**DATA EXCERPT:**
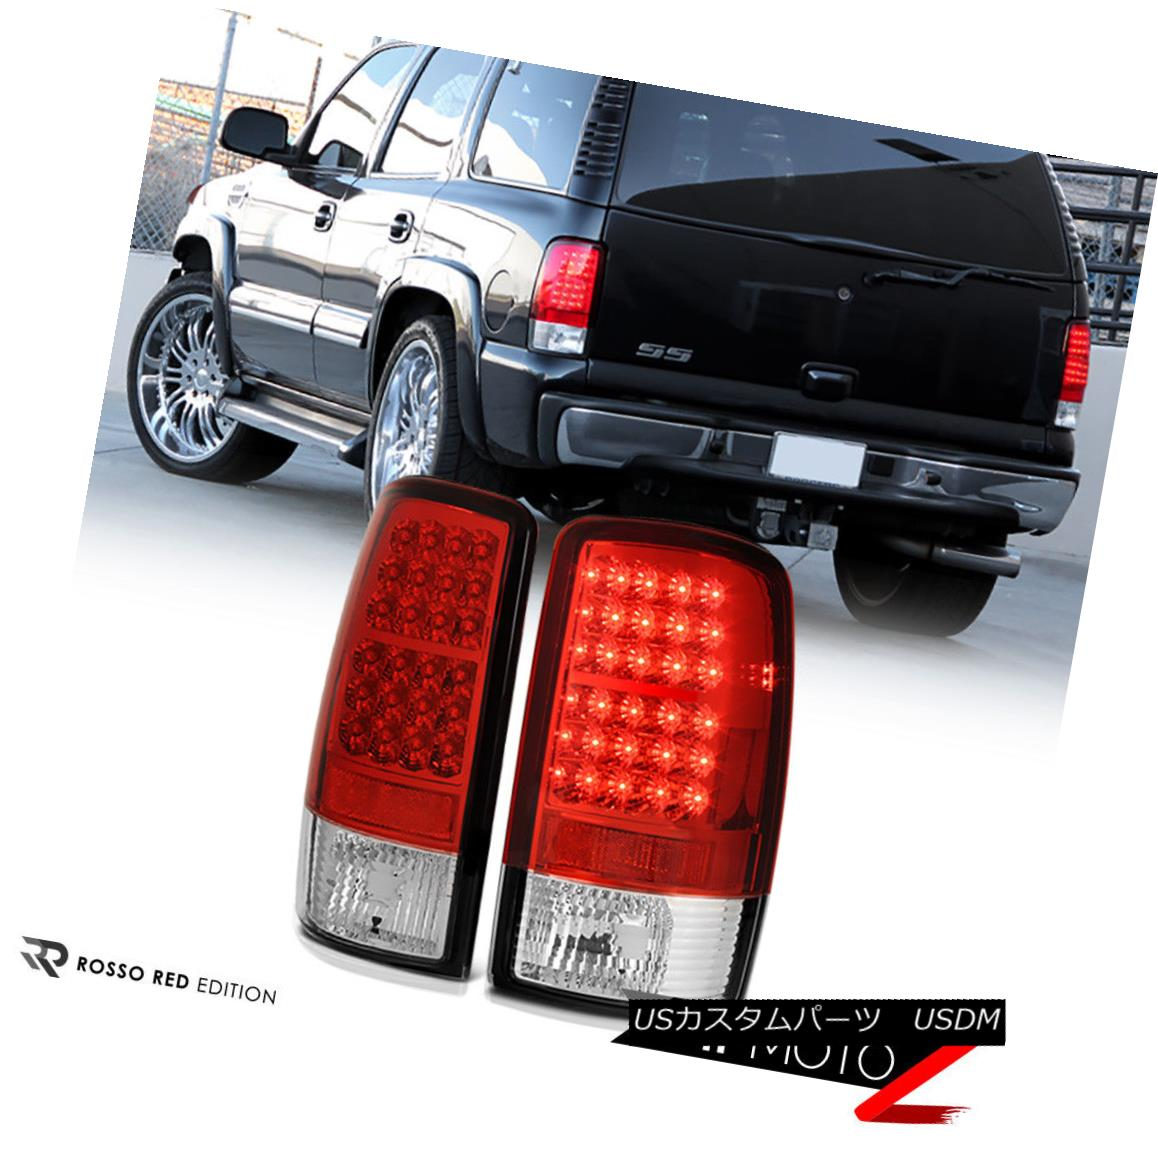 テールライト Lamps 2000-2006 Chevy Taillights Suburban Red Red Chrome [BRIGHTEST] LED Rear Brake Taillights Lamps 2000-2006シボレー郊外レッドクローム[BRIGHTEST] LEDリアブレーキライトランプ, 新利根町:e4d4bdcd --- officewill.xsrv.jp
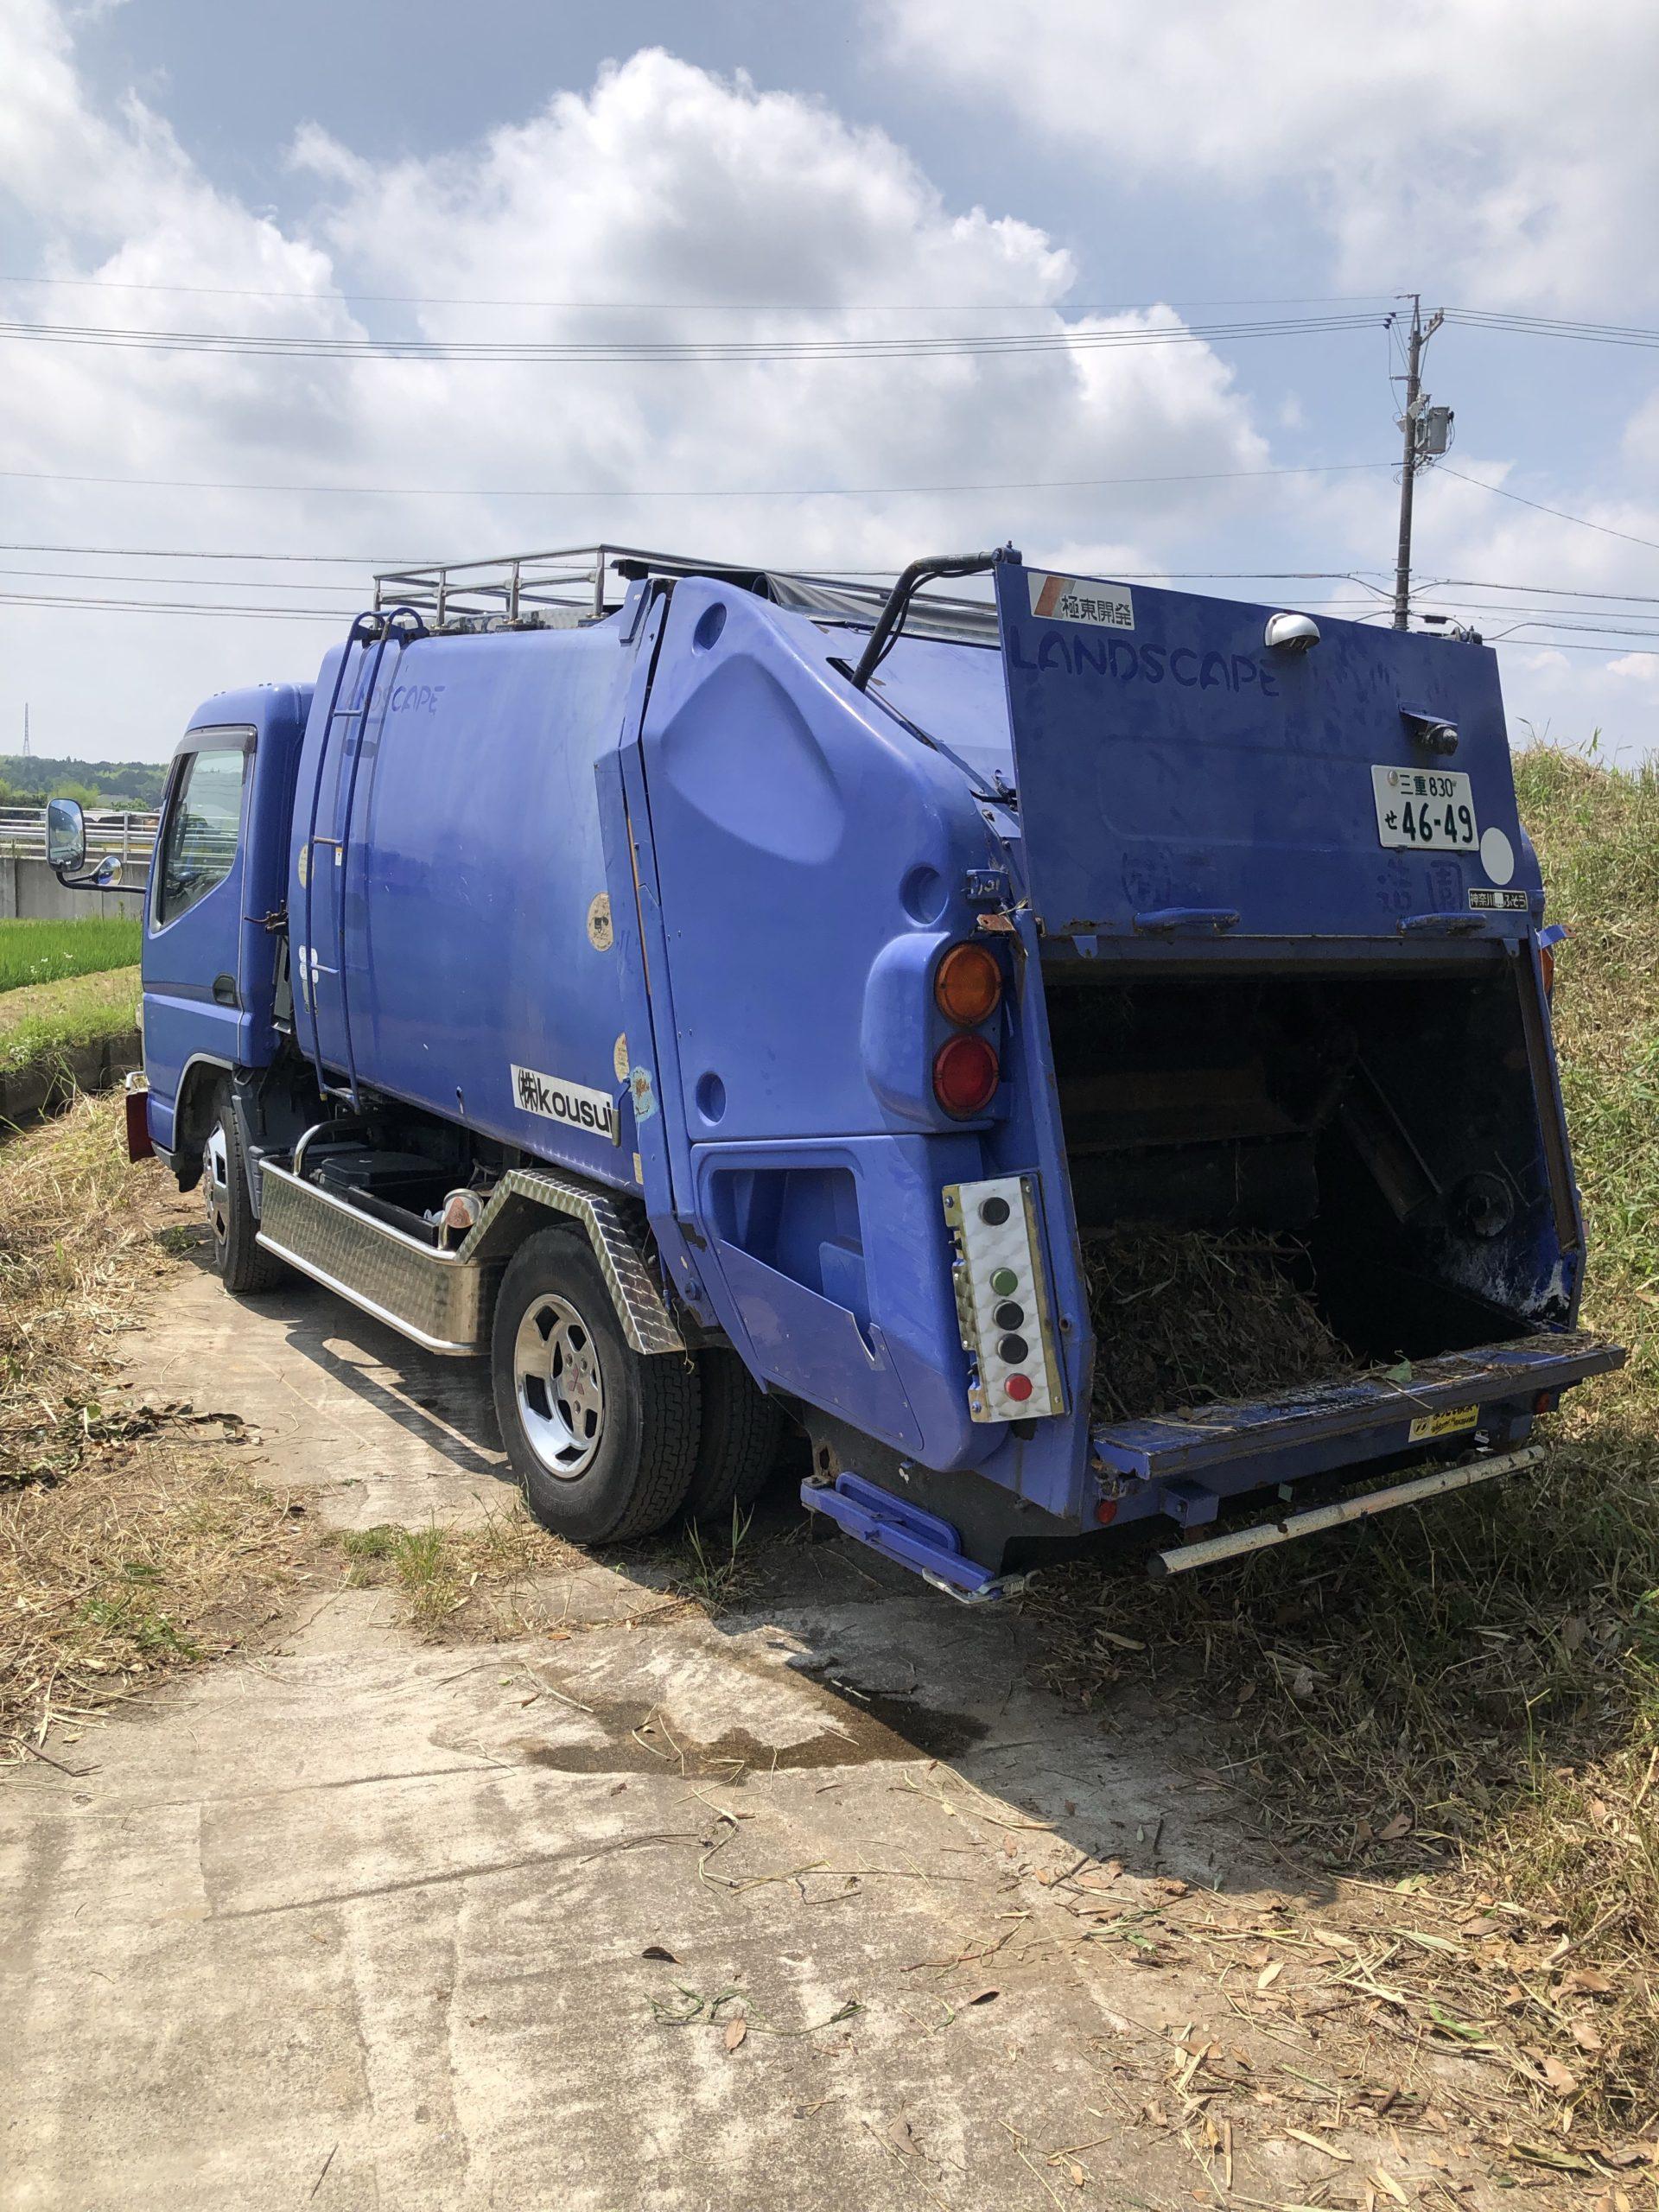 三重県津市や亀山市で不用品回収や処分のご相談。遺品整理や生前整理、家屋解体工事の見積り業者なら株式会社kousui
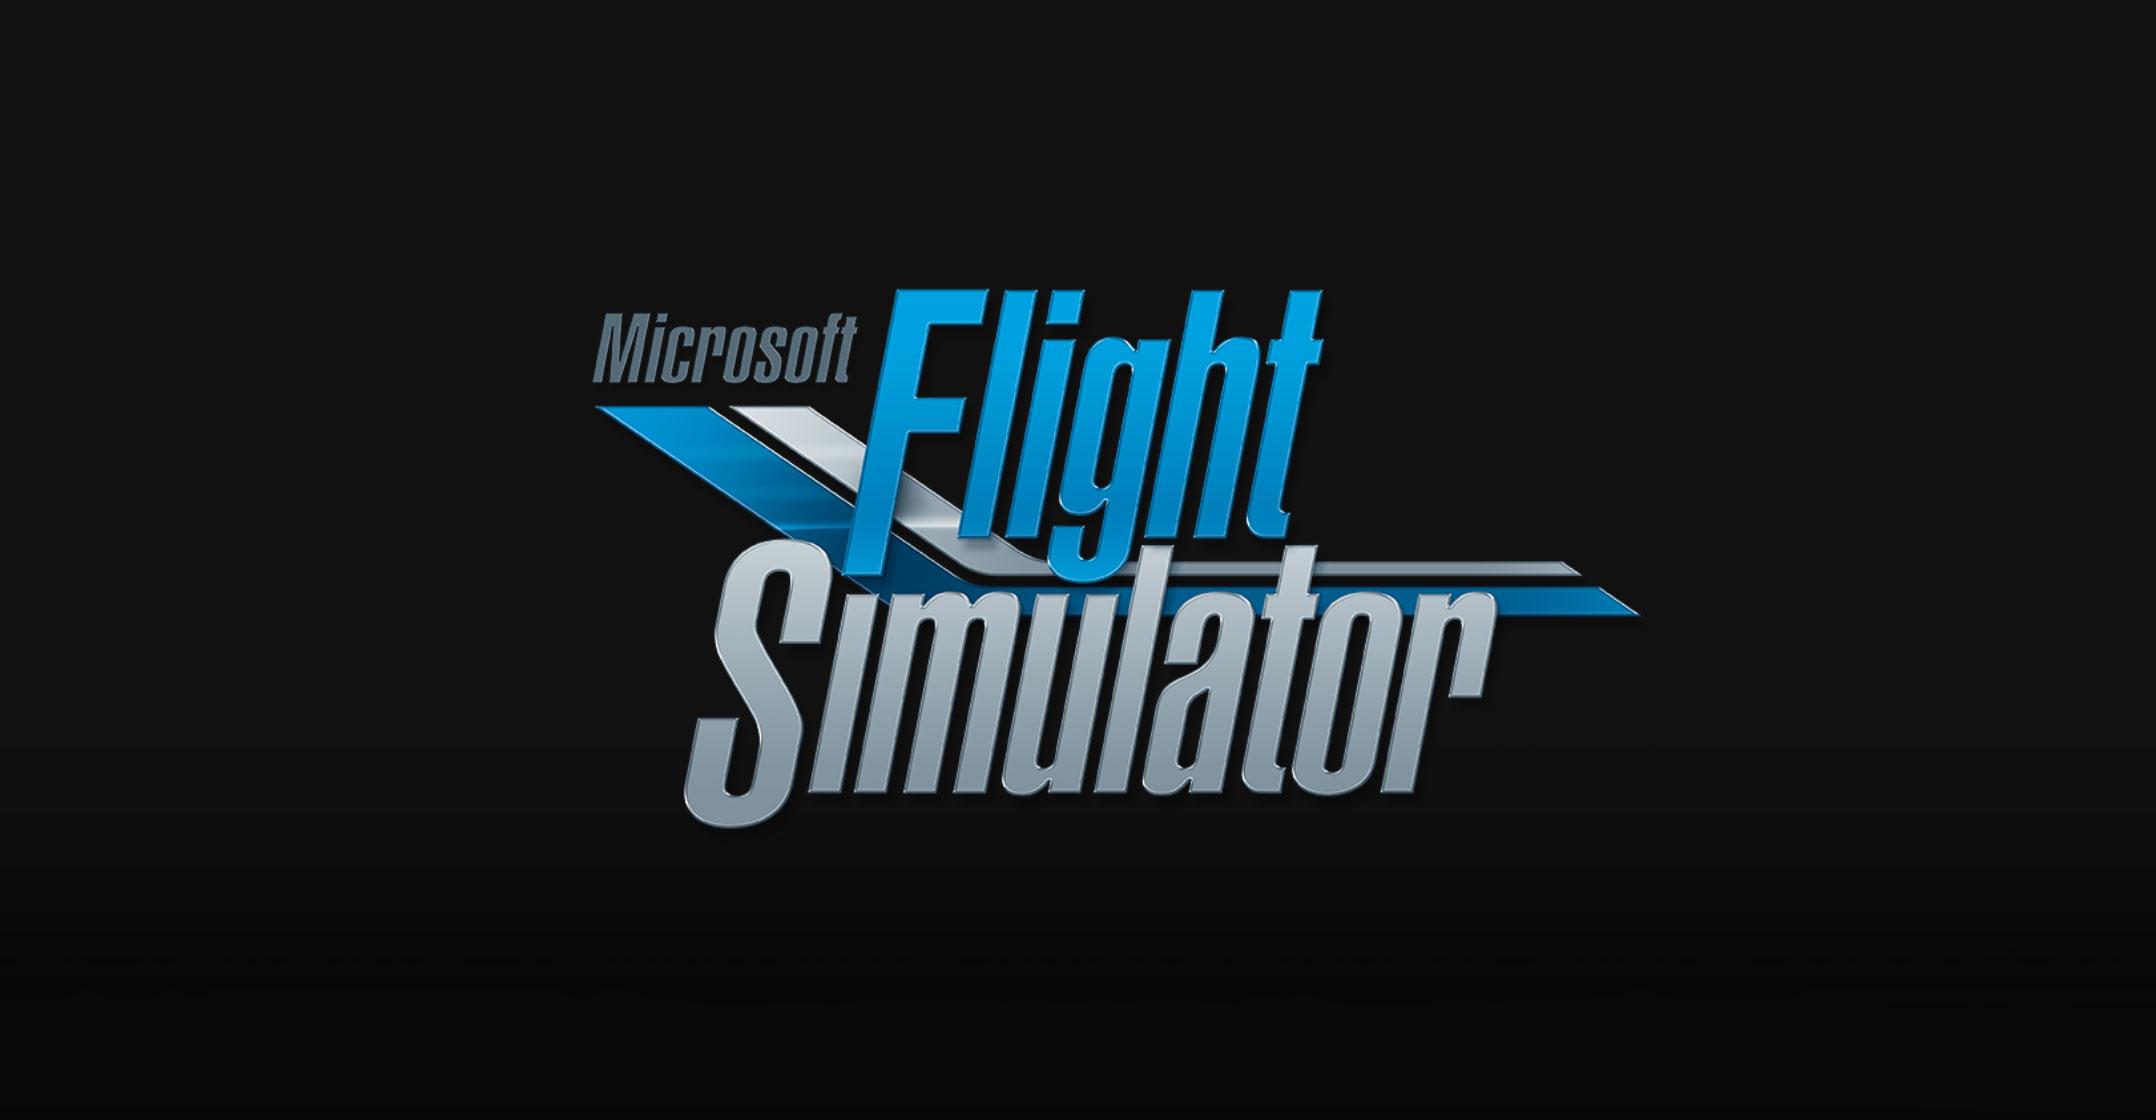 تصاویر جدید Microsoft Flight Simulator گرافیک خارقالعادهی آن را به نمایش میگذارند
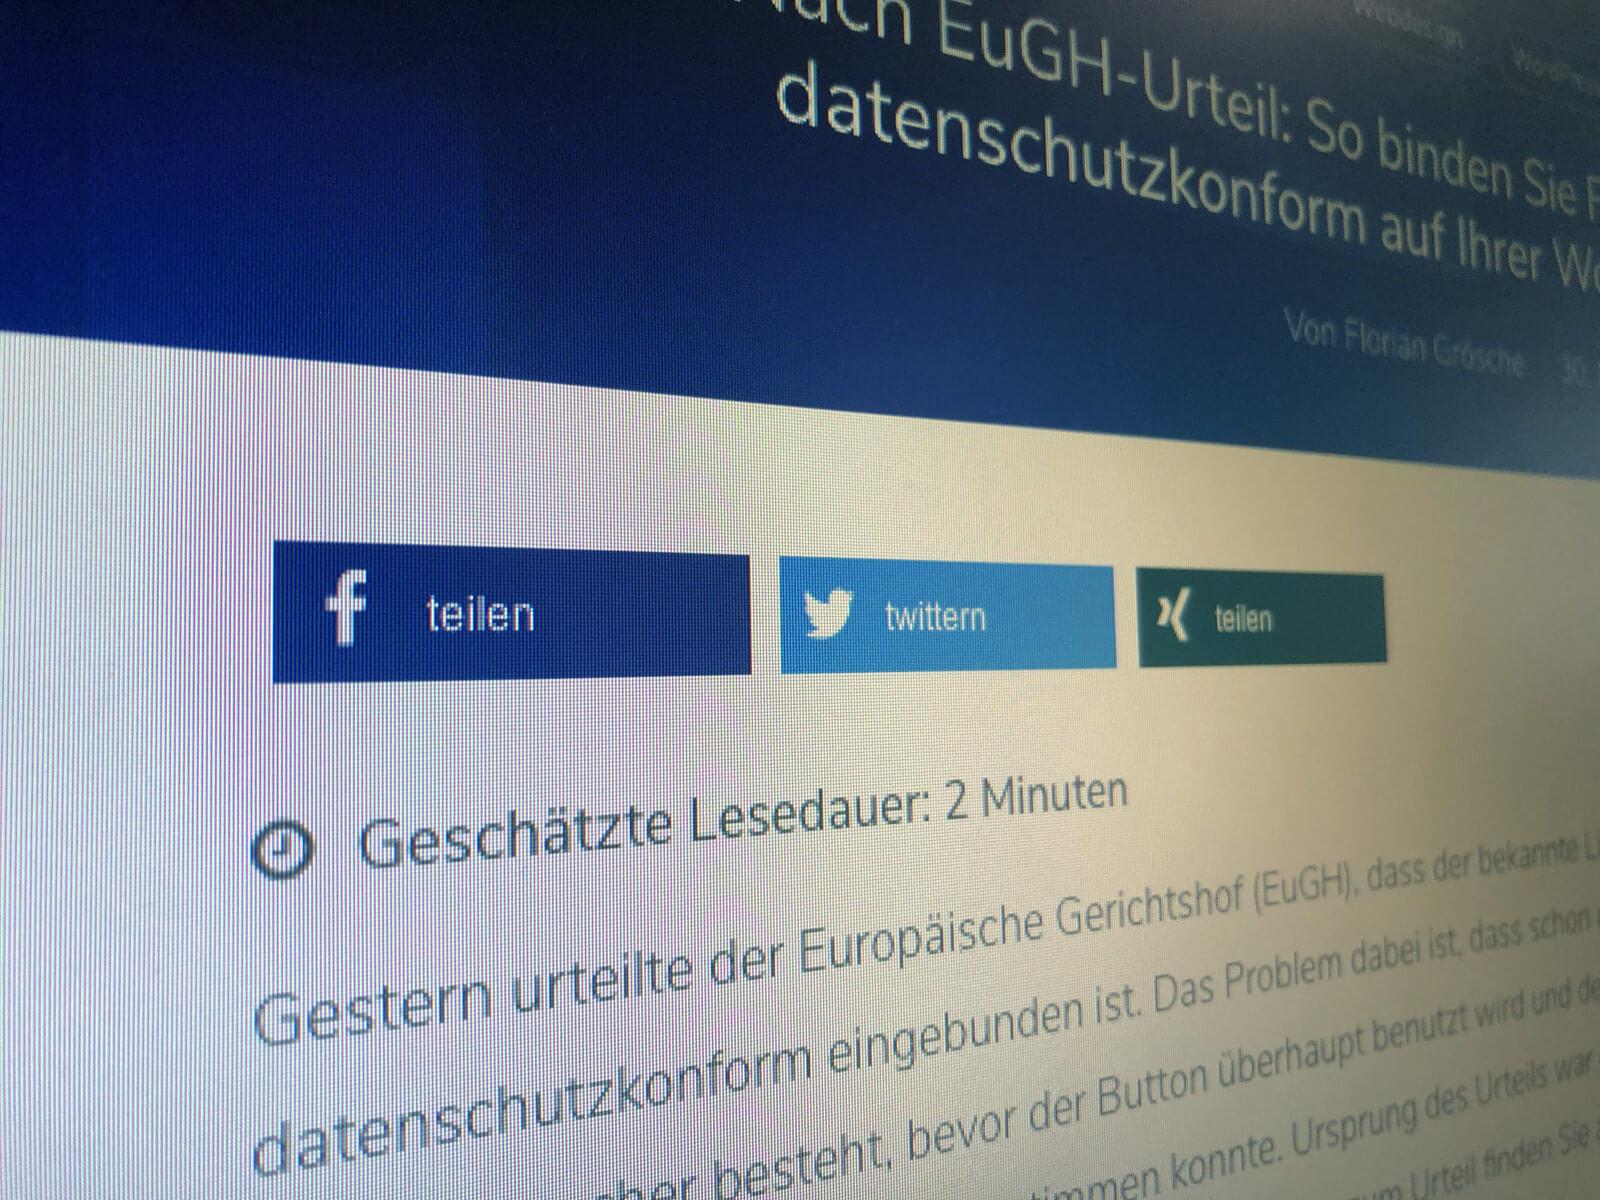 Nach EuGH-Urteil: So binden Sie Facebooks Like-Button datenschutzkonform auf Ihrer WordPress-Website ein

**WORK ITEM:** From the line that contains "三重県津市や亀山市で不用品回" to the end of the material above, output every line exactly, both ends included, but leave out any pictures.

**RESPONSE AREA:**
 三重県津市や亀山市で不用品回収や処分のご相談。遺品整理や生前整理、家屋解体工事の見積り業者なら株式会社kousui
 تصاویر جدید Microsoft Flight Simulator گرافیک خارقالعادهی آن را به نمایش میگذارند
 Nach EuGH-Urteil: So binden Sie Facebooks Like-Button datenschutzkonform auf Ihrer WordPress-Website ein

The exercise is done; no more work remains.